Capture spawned process stdout as unicode

Question

In my C++/WinAPI code, I want to run some commands and capture their output. To test non-ASCII output, I renamed my network connection to Ethérnét אבג БбГгДд and run ipconfig. When running in command prompt, the output comes out correctly (visible when using a supporting font like Courier New):

C:\>ipconfig
Windows IP Configuration

Ethernet adapter Ethérnét אבג БбГгДд:
(...)

I tried to redirect the output to a pipe, following the example in this answer. But the byte array returned from ReadFile() is not unicode - it's encoded in CP_OEMCP (CP437 in my case), and so the Hebrew and Russian characters come out as '?'s.
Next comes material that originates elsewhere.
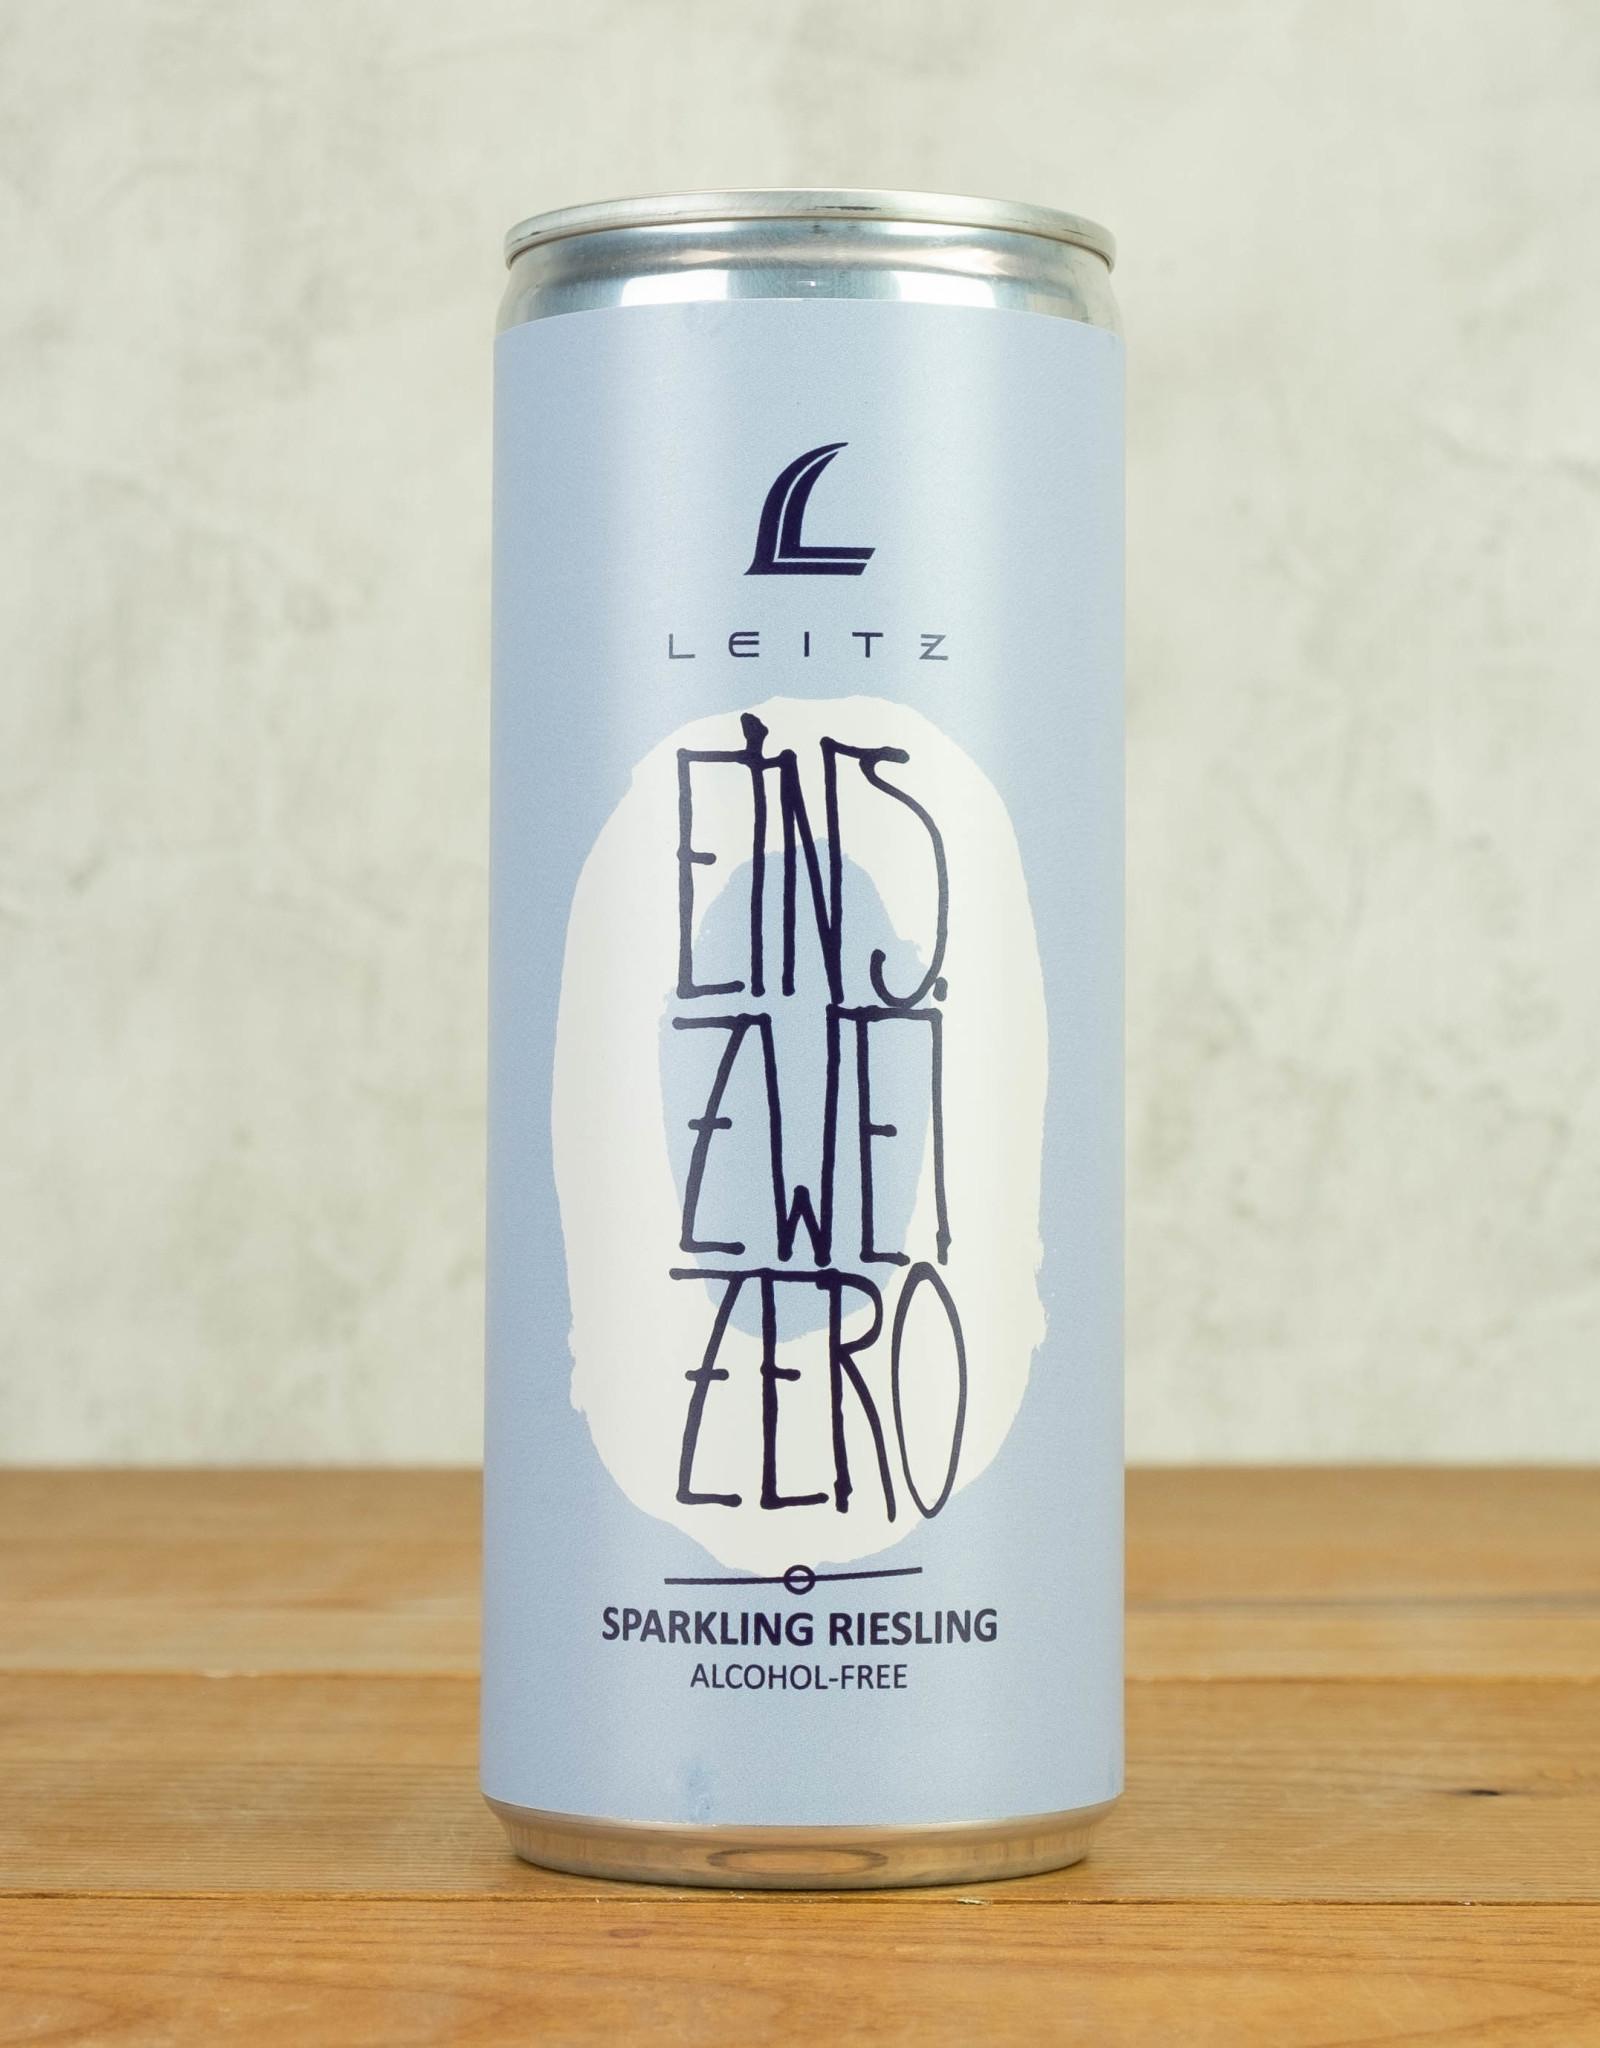 Leitz Eins Zwei Zero Non-Alc Sparkling Riesling 250ml Can
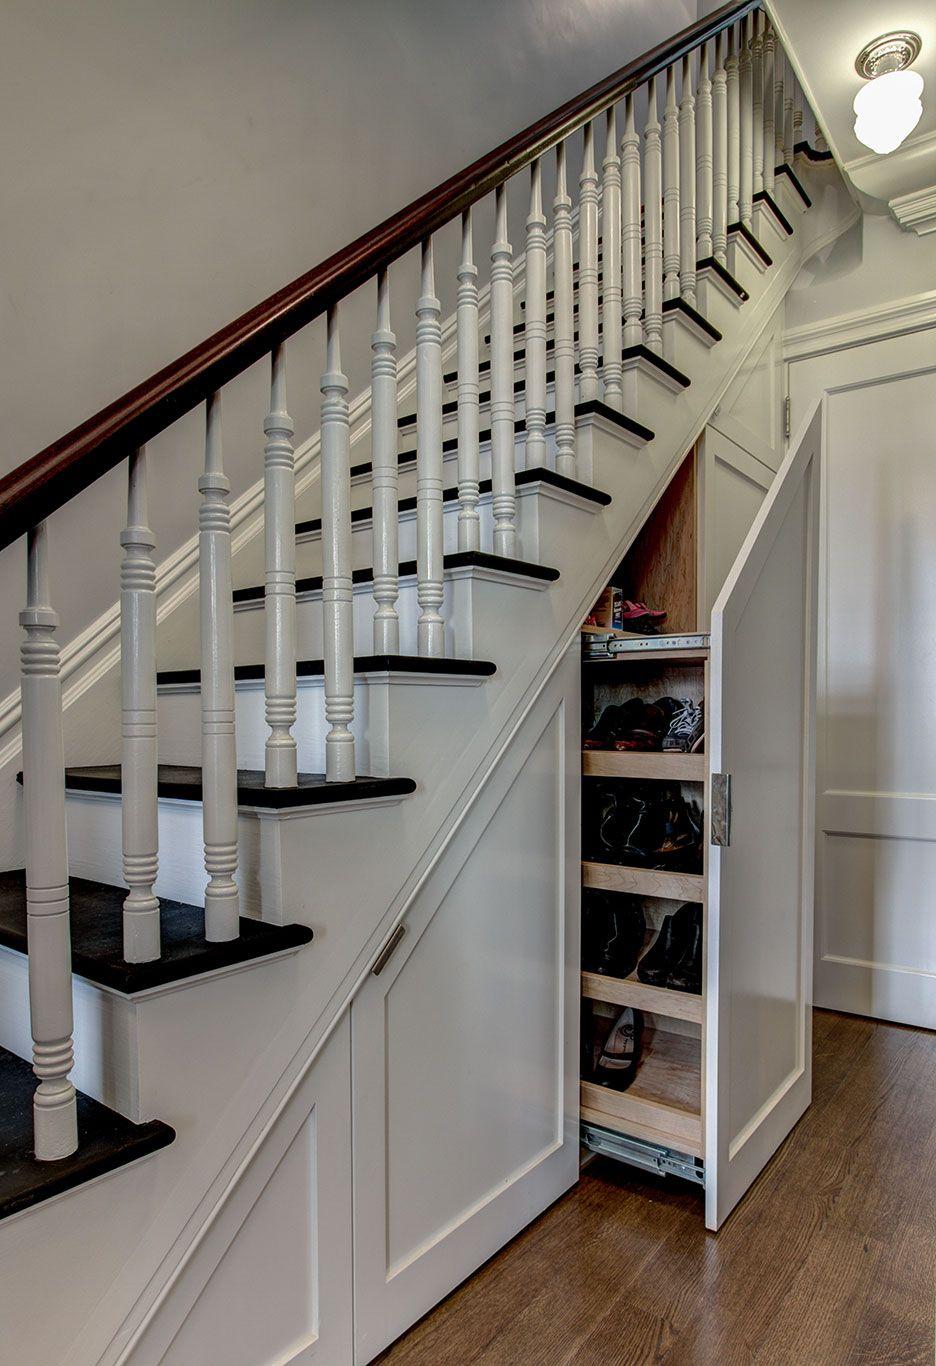 Shoe Storage Under Stairway In Brooklyn Townhouse Renovation Ben

Since the characters are already lost, no further handling can restore them.

Obviously it's possible, since cmd in a console window does it. How can I do it?

ReadFile returns bytes, it has no idea what Unicode is. Show how your handling its buffer. — Alex K., Jan 03 '17 at 10:22
I've inspected the returned bytes from the debugger, and they're text encoded in CP437, with the Hebrew/Russian characters replaced with actual '?'s. Since the chars are lost, no handling would restore that. I wanted to know how cmd.exe (or Console window?) does manage to capture those chars correctly. — Jonathan, Jan 03 '17 at 11:07
so convert it to unicode by `MultiByteToWideChar(CP_OEMCP, ` - characters not lost — RbMm, Jan 03 '17 at 15:34
That's what I do now. However, since CP_OEMCP can't encode all characters - like the Hebrew+Russian in my example - they appear as actual '?'s, and the conversion can't recover them, since they are lost. — Jonathan, Jan 03 '17 at 15:38
`CP_OEMCP can't encode all characters` - are you sure in this ? i tnink you wrong here — RbMm, Jan 03 '17 at 15:52
@RbMm See the [list of characters in CP437](https://msdn.microsoft.com/en-us/library/cc195060.aspx). No Hebrew or Russian characters here. `MultiByteToWideChar` will not magically restore any characters not on this list. — roeland, Jan 03 '17 at 21:37
@roeland - are you try code which I paste ? try use `MultiByteToWideChar(CP_OEMCP` - ? which code you use - again nothing lost in multibyte-widechar conversions — RbMm, Jan 03 '17 at 21:41
`ipconfig.exe` used `WriteConsoleW` for output to console - as result it always correct print on any languages and not dependent from current code pages. if app use `A` functions or write to file as multi-bytes will be problem if try print characters which not exist in using code page — RbMm, Jan 03 '17 at 22:12
@RbMm If you receive data encoded in the OEM character set, the characters are already lost, and your program can do nothing to restore them. Eg. the child process outputs `"αβ"`, which is then reduced to the OEM character set (probably something like `"ab"`), and only then passed on to your program. — roeland, Jan 03 '17 at 23:06
@roeland - how I understand, when re-read OP question he used `CP437` - with this `WideCharToMultiByte(CP_OEMCP)` really lost data for Hebrew and Russian characters . `ipconfig.exe` however use `UNICODE` function for write to console - as result text displayed correct. — RbMm, Jan 03 '17 at 23:13
@RbMm: It's pretty obvious that a character set containing only 256 characters cannot be used to encode all 100.000+ Unicode characters. — MSalters, Jan 04 '17 at 00:08
@MSalters - no, because WideCharToMultiByte map 1 Unicode character to several (usual 2) multi-byte characters for non `en` - so we have not 256, but 256*256 — RbMm, Jan 04 '17 at 00:45
more exactly when we use CP_ACP or CP_OEMCP we have one to one by len unicode to multi-byte , but in case CP_UTF8 - usual one non 'en' wchar converted to 2 char — RbMm, Jan 04 '17 at 00:51
@RbMm: That supposes `CP_ACP` and `CP_OEM` are actually multi-byte. Possible, but rare, and when CP_OEM is the common CP437 it's single-byte. — MSalters, Jan 04 '17 at 01:02
@MSalters - `CP_ACP` and `CP_OEM` translate Unicode chars to selected page. it use one to one symbol conversion. if say we use `Hebrew` page - we can translate(without lost data) Hebrew and English chars, but not Russian or another language — RbMm, Jan 04 '17 at 01:35

Harry Johnston · Accepted Answer · 2019-05-05T01:58:13.357

3

It would seem that ipconfig produces Unicode output when it detects that the output device is the console, and ANSI output otherwise. This is likely to be a backwards-compatibility measure.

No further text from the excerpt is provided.